Another day in the life of a Transcendental Nihilist.
It seems that all we have is our eyes and our understanding on subjects we think we understand.
It seems that all we have is nothing but ourselves yet want so much more
My existence can no longer be explained by words, I’ve lost nearly all sense of communication, and as I grow I get further and further from comprehension, is this what people call insanity? because if so it makes sense, there are states of being that not words, not pictures, not anything in this plain can explain. I’ve come to a place where in order to stay afloat I must have my own little book of terminology to make sense of not just existence but myself.
Like avéci, which is the word for existential understanding. Used to explain a current subjective state with no validation yet no flaw, only purpose for platform in a current state of momentum.
It goes beyond all, what we can’t see but things as wholes are nothing and paintings never stop painting always altering the meaning behind your vision, it transcends all we have to offer when we speak, I can’t see scenarios, I see patterns, I can’t hear music, I hear frequencies and all variations of these standard concepts.
My sleep is not sleep anymore, it’s an opportunity to go somewhere I haven’t found a word for yet. I can’t sleep without a force taking over and explaining to me things I can’t understand, yet this force, entity or being tries and tries to take me with it but I’m unable to as I am.
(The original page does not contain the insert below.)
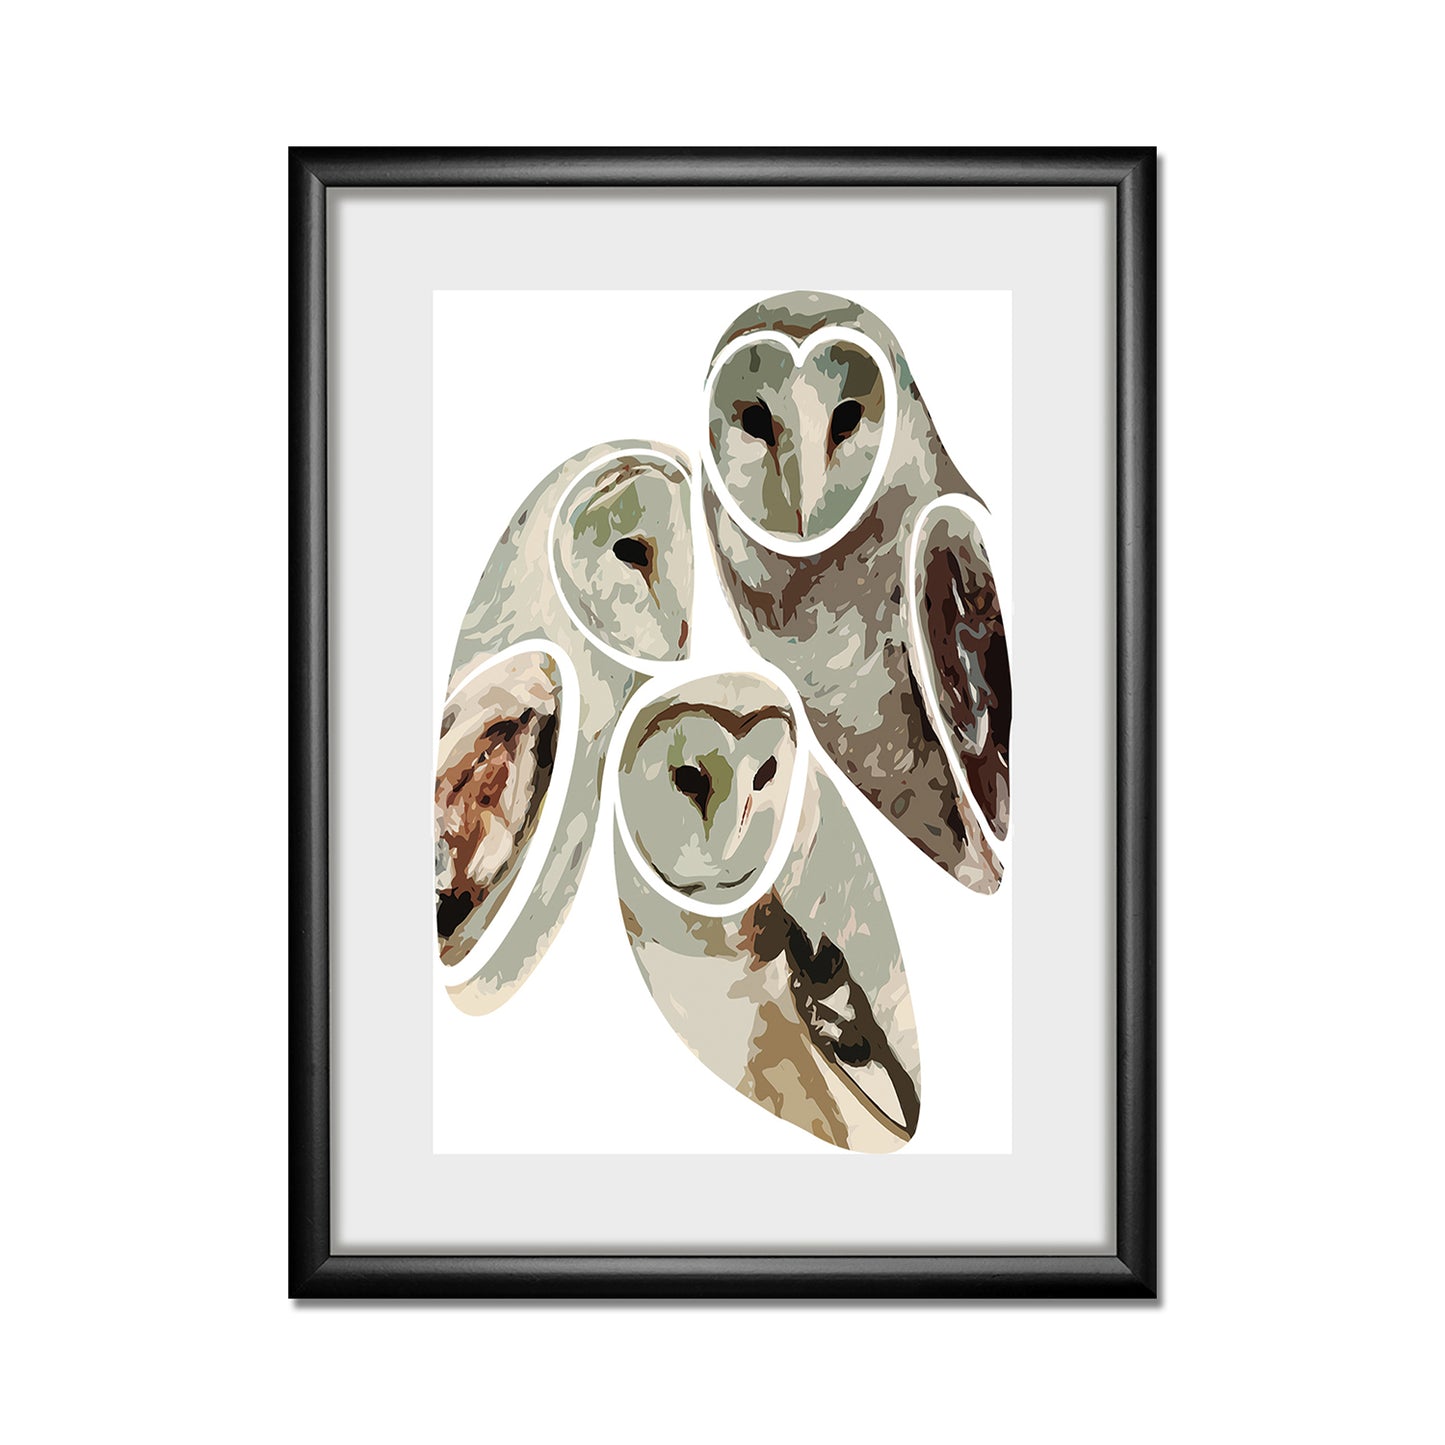 Rahmenbild - Curious Owls

All perception molds, and all words fail to show a spec of specs to the rest and the overwhelming feeling of not being, yet being beyond, give my existence a plot twist of extreme tragedy.
I miss my days as human for everyday seems to be a step towards something completely different, all humanity is being destroyed and from the crumbling pieces a new entity is being built, what is being built I don not know but there is no absolutes only an unconditional expansion of avéci as an existential core.